What makes noble gases unique?
There are six naturally occurring noble gases found around our world and beyond. These are helium (He), neon (Ne), argon (Ar), krypton (Kr), xenon (Xe) and radon (Rn). Together they form Group 18 of the periodic table and are characterised by their lack of colour, smell, taste and flammability in their natural state.
Despite being historically referred to as rare and inert, noble gases – which were designated ‘noble’ due to their apparent reluctance to undergo a chemical reaction – are nothing of the sort. In fact, all of these gases are found in Earth’s atmosphere and each is capable of being chemically active and producing compounds.
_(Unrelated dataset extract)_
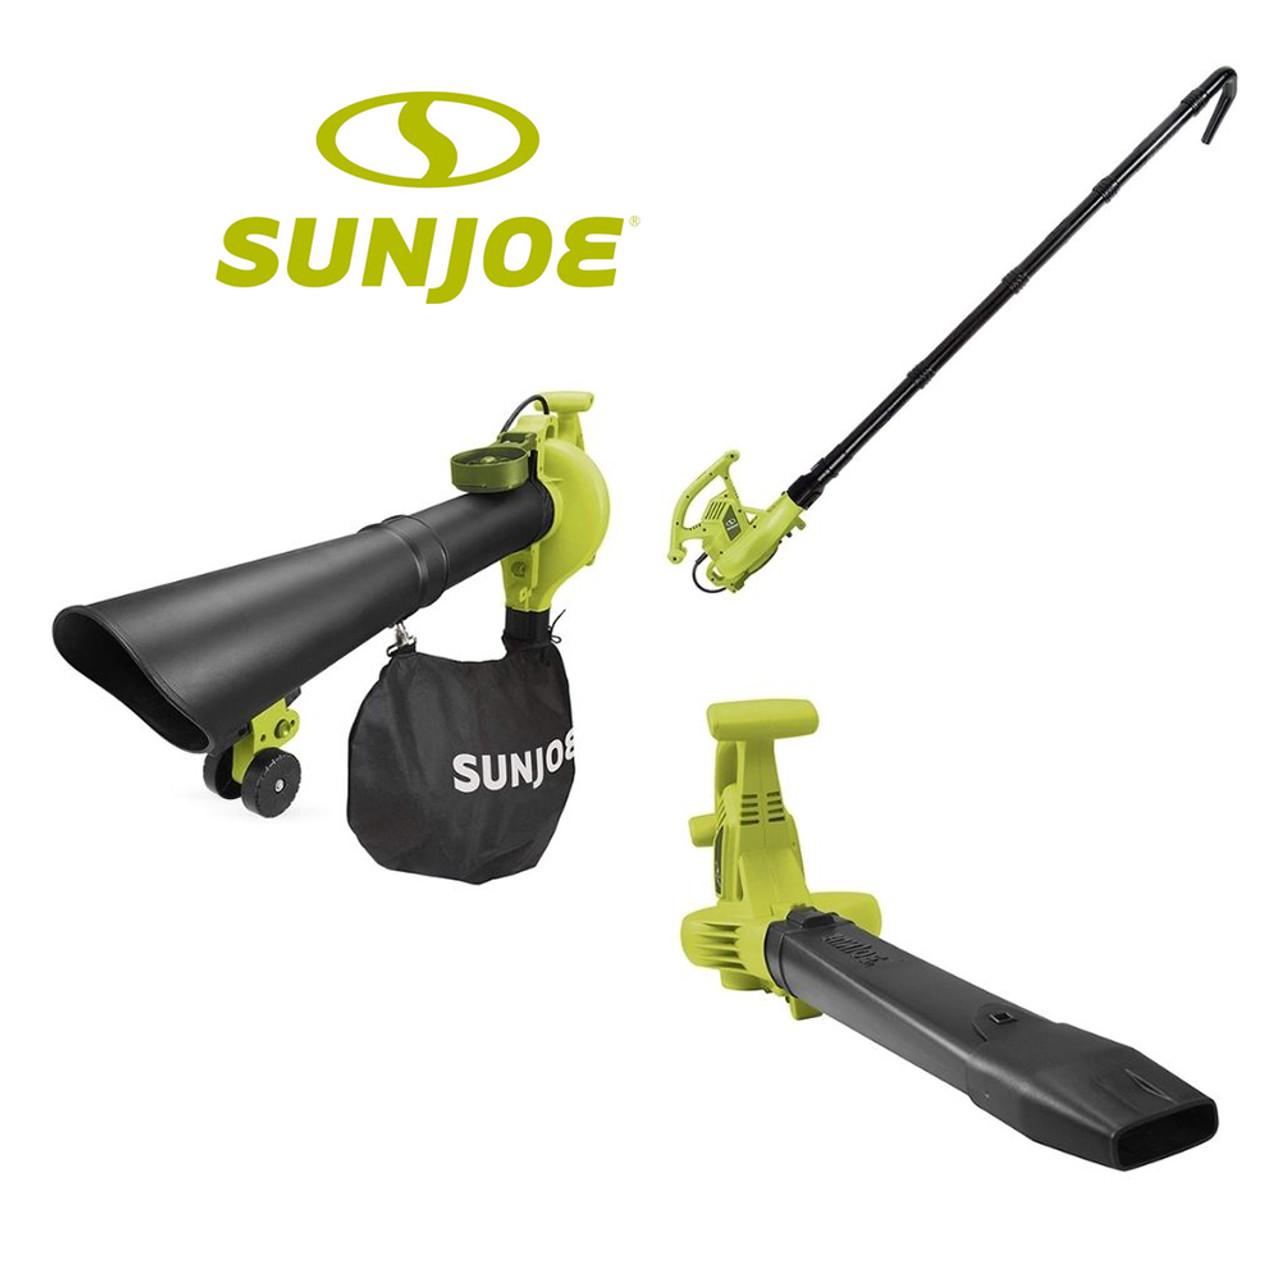 Sun Joe 4-in-1 Electric Blower, Leaf Vacuum, Mulcher & Gutter Cleaner $59.99 54% OFF
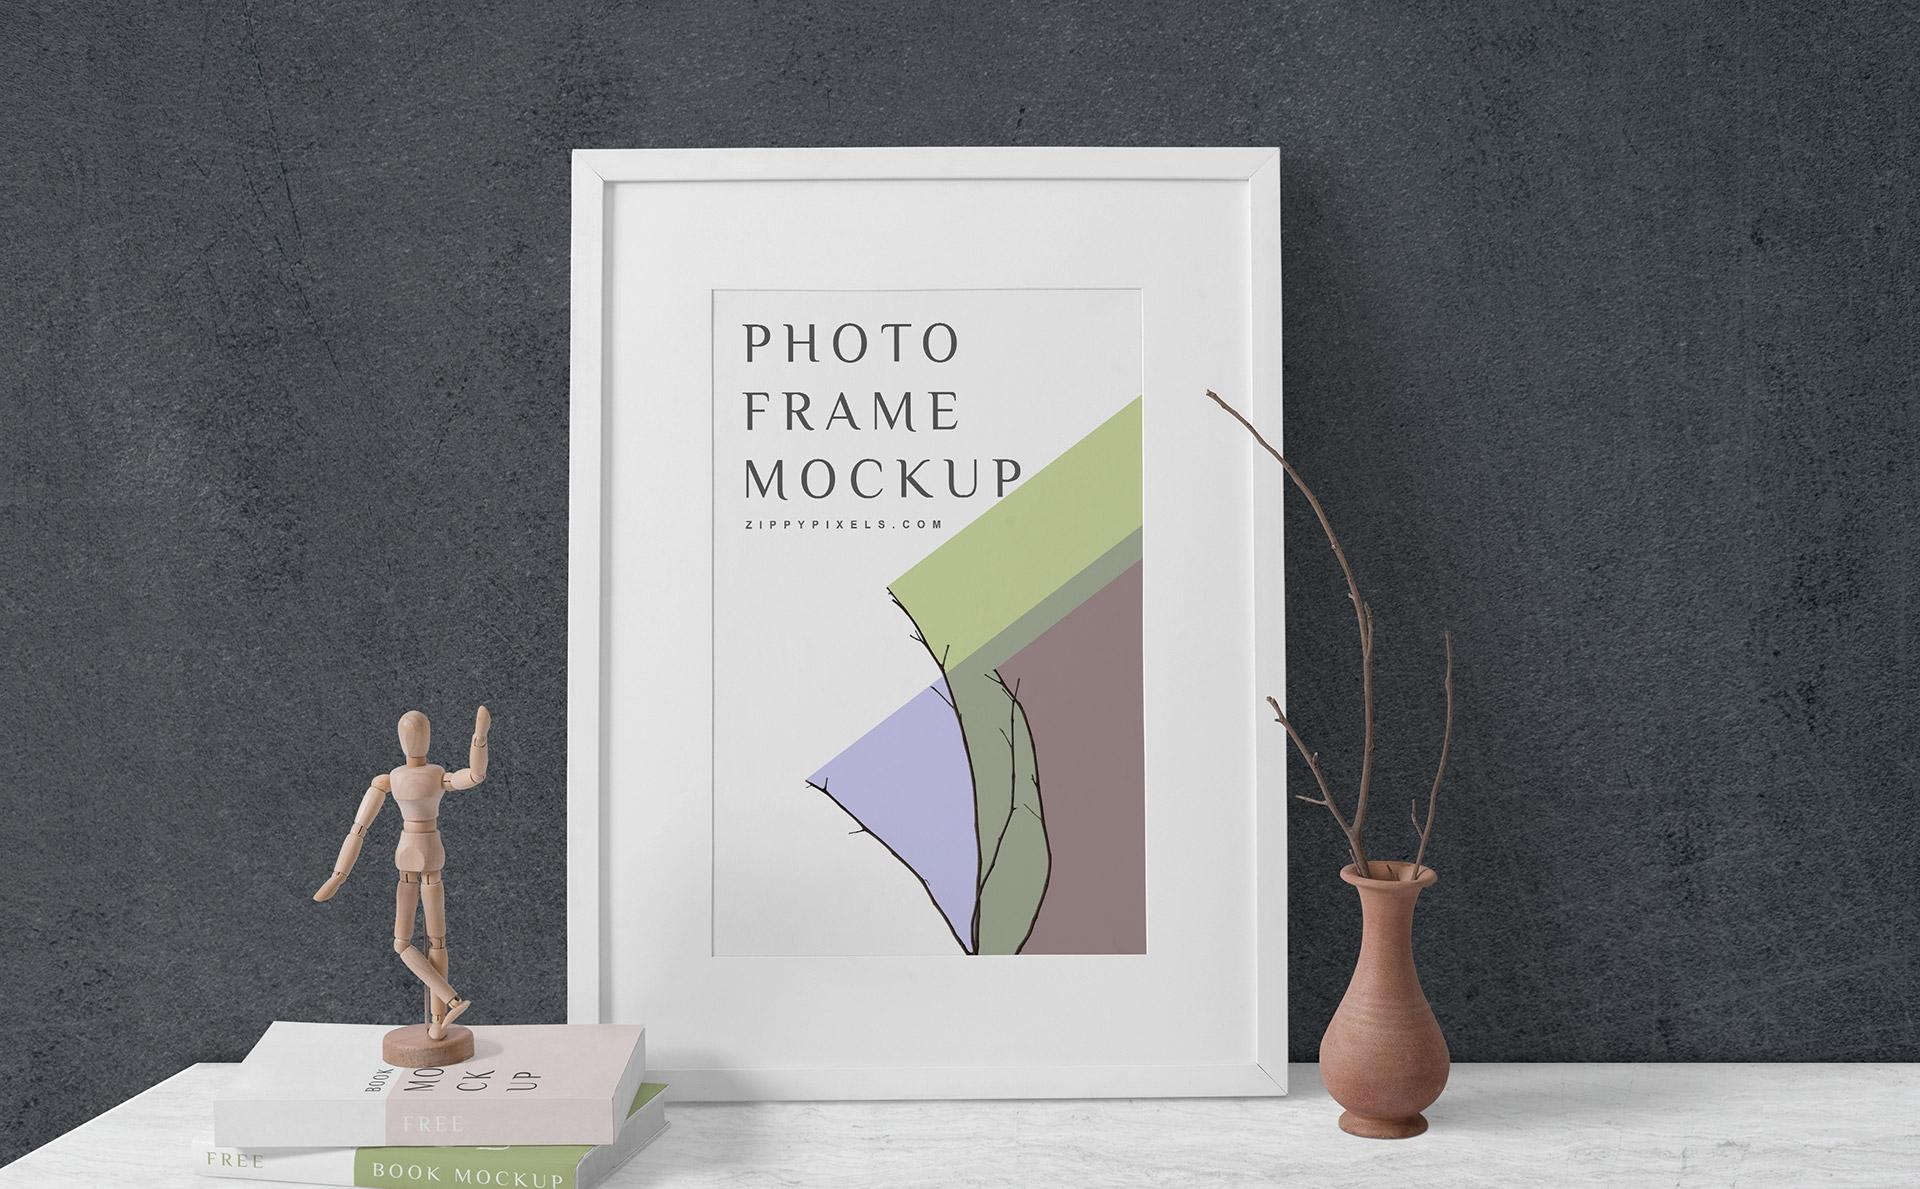 室内装饰画相框画框场景样机 Wood Frame Mockup

The majority of the noble gases – ie argon, krypton, neon and xenon – are formed via liquefaction and fractional distillation techniques, however helium is attained by separating it from natural gas and radon by isolating it from the radioactive decay of radium compounds.
As noble gases show extremely low chemical reactivity, while they are not inert, only a few hundred noble gas compounds have been formed to date, with xenon varieties making up the bulk. In theory, though, radon is more reactive than xenon, so should form chemical bonds more readily. However, its high radioactivity and short half-life are the key factors which prevent this.
There are many applications for noble gases (see the boxout below for some notable examples). The most obvious and visible of these are illuminated signs, light bulbs and lamps, with xenon, argon and neon commonly used due to their lack of chemical reactivity. Using these gases helps to preserve filaments in light bulbs and grants distinctive colours when used in gas-discharge lamps – as demonstrated by the main image on this page.